All lines from the one that contains "TACCLE 3, O5: an" to the end of the data must be retyped exactly. Pictures are not retyped.

Top of Stored data

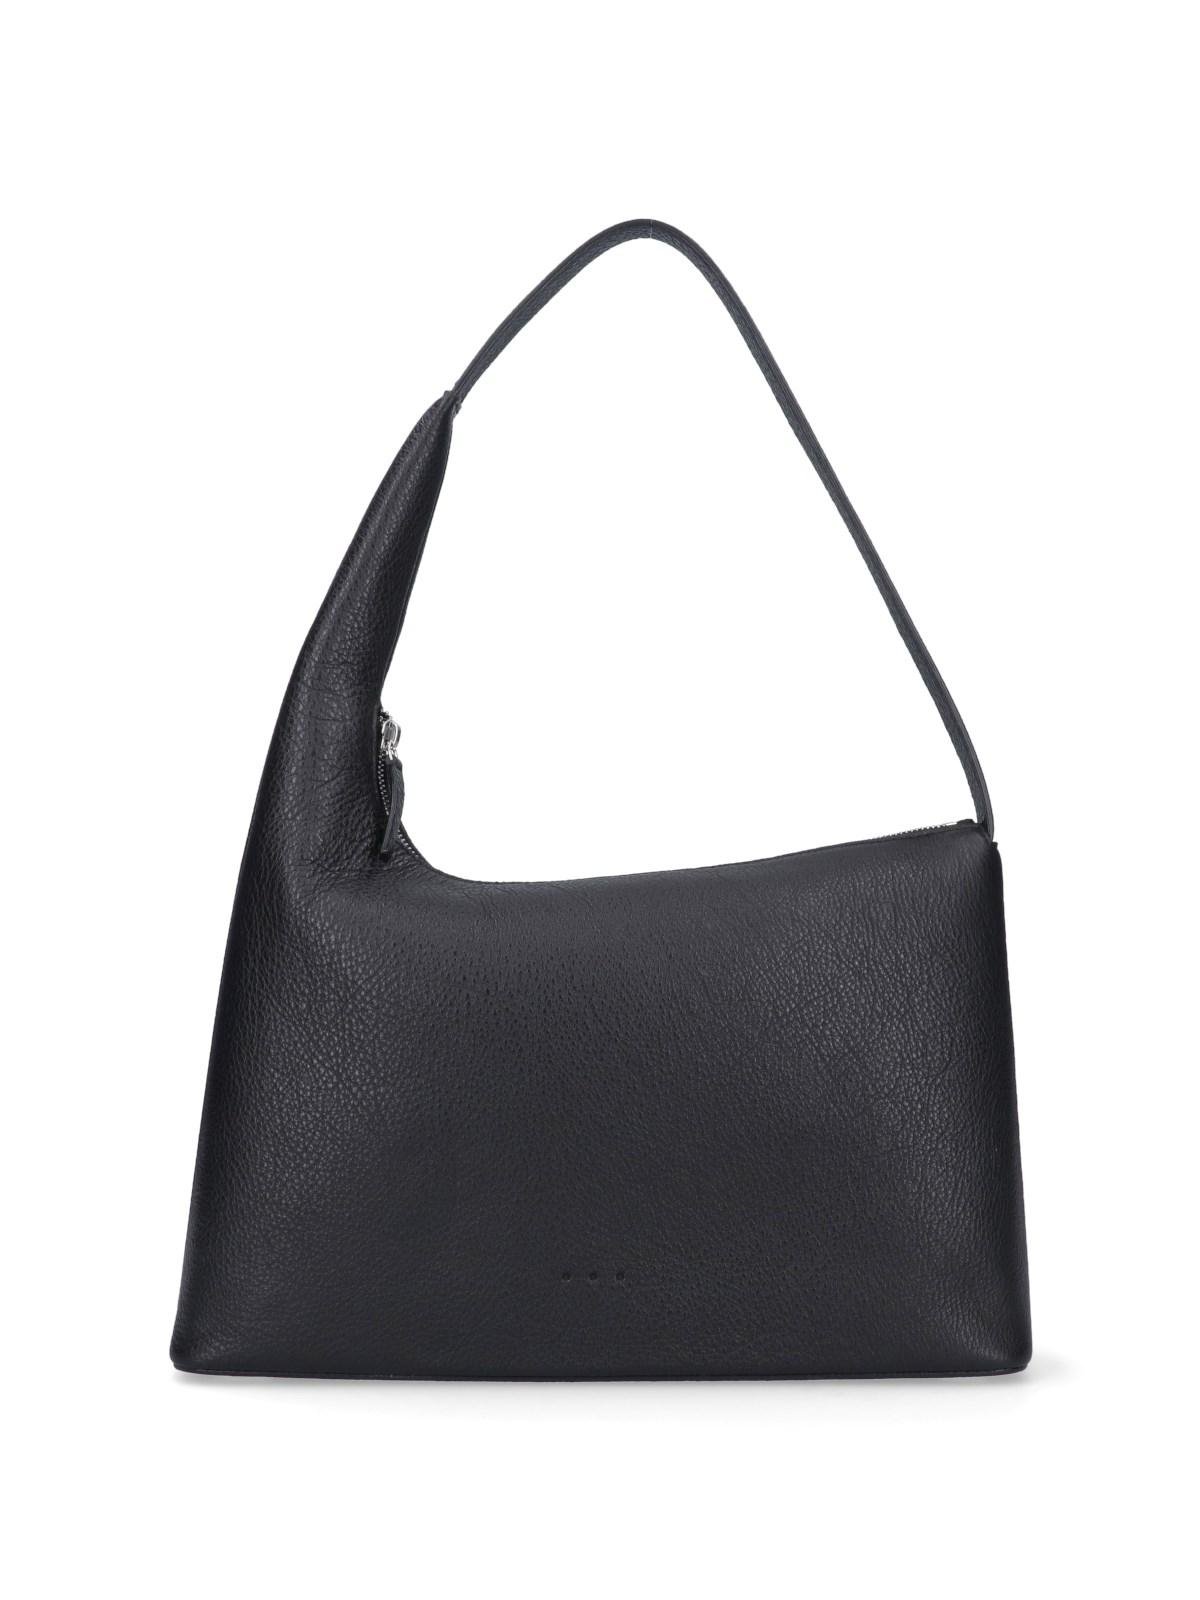 Aesther Ekme 'soft Lune' Bag in Black
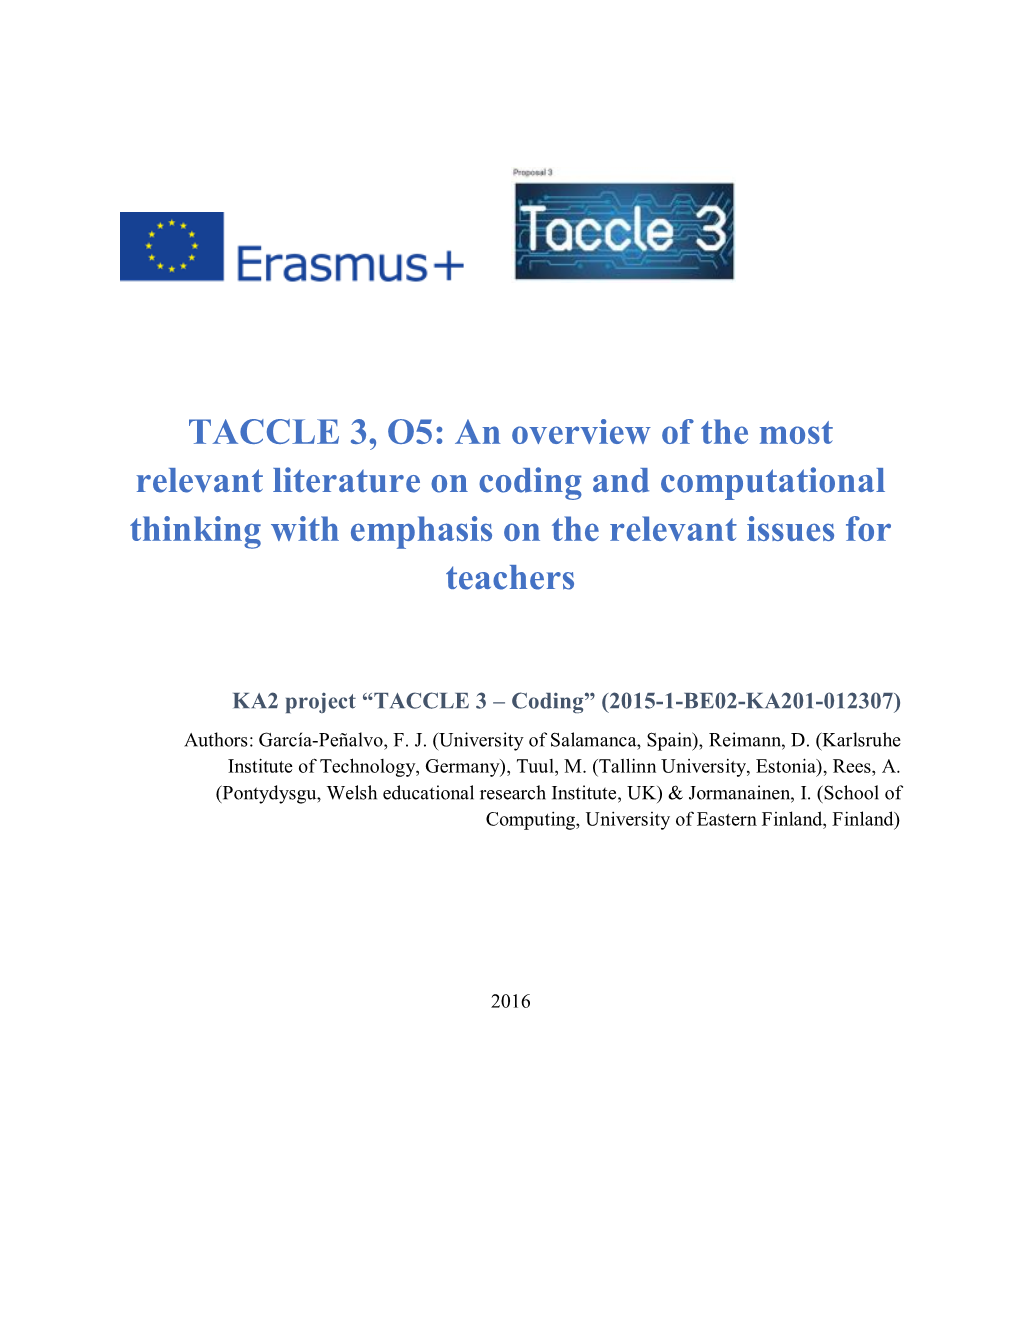 TACCLE 3, O5: an Overview of the Most Relevant Literature on Coding and Computational Thinking with Emphasis on the Relevant Issues For
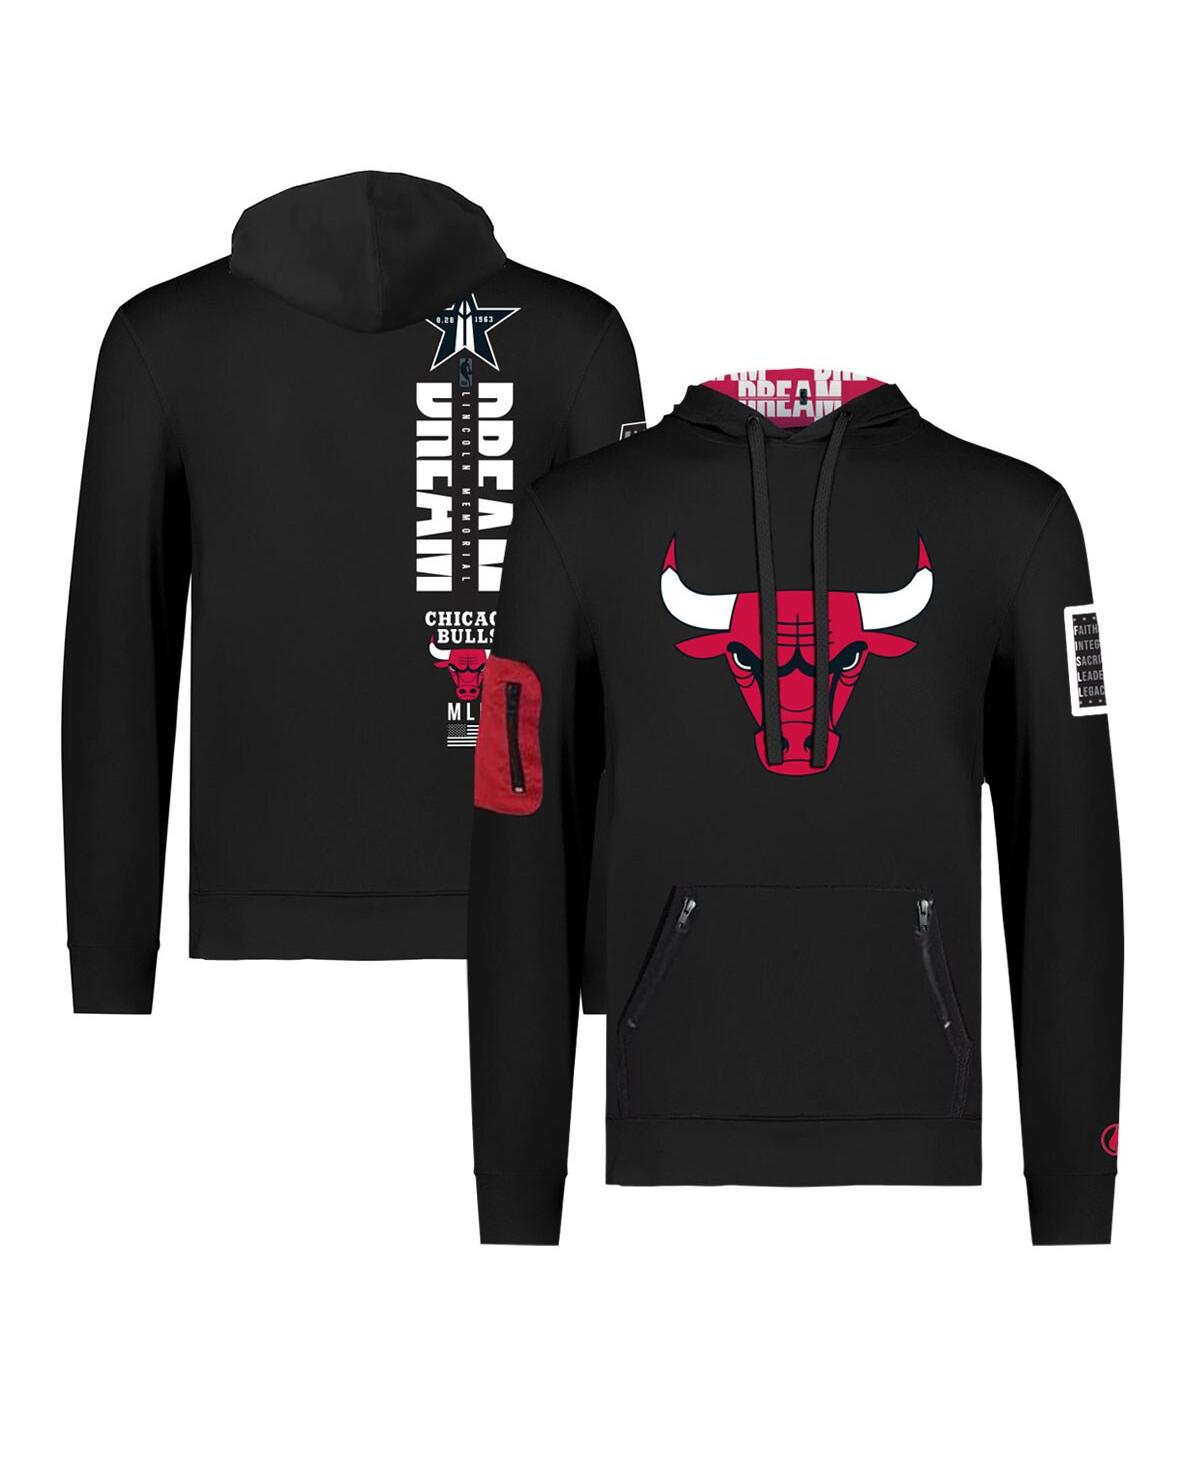 Men's and Women's Fisll x Black History Collection Black Chicago Bulls Pullover Hoodie - Black

Bottom of Stored data

### [Worked solution]
 TACCLE 3, O5: an Overview of the Most Relevant Literature on Coding and Computational Thinking with Emphasis on the Relevant Issues For
 Men's and Women's Fisll x Black History Collection Black Chicago Bulls Pullover Hoodie - Black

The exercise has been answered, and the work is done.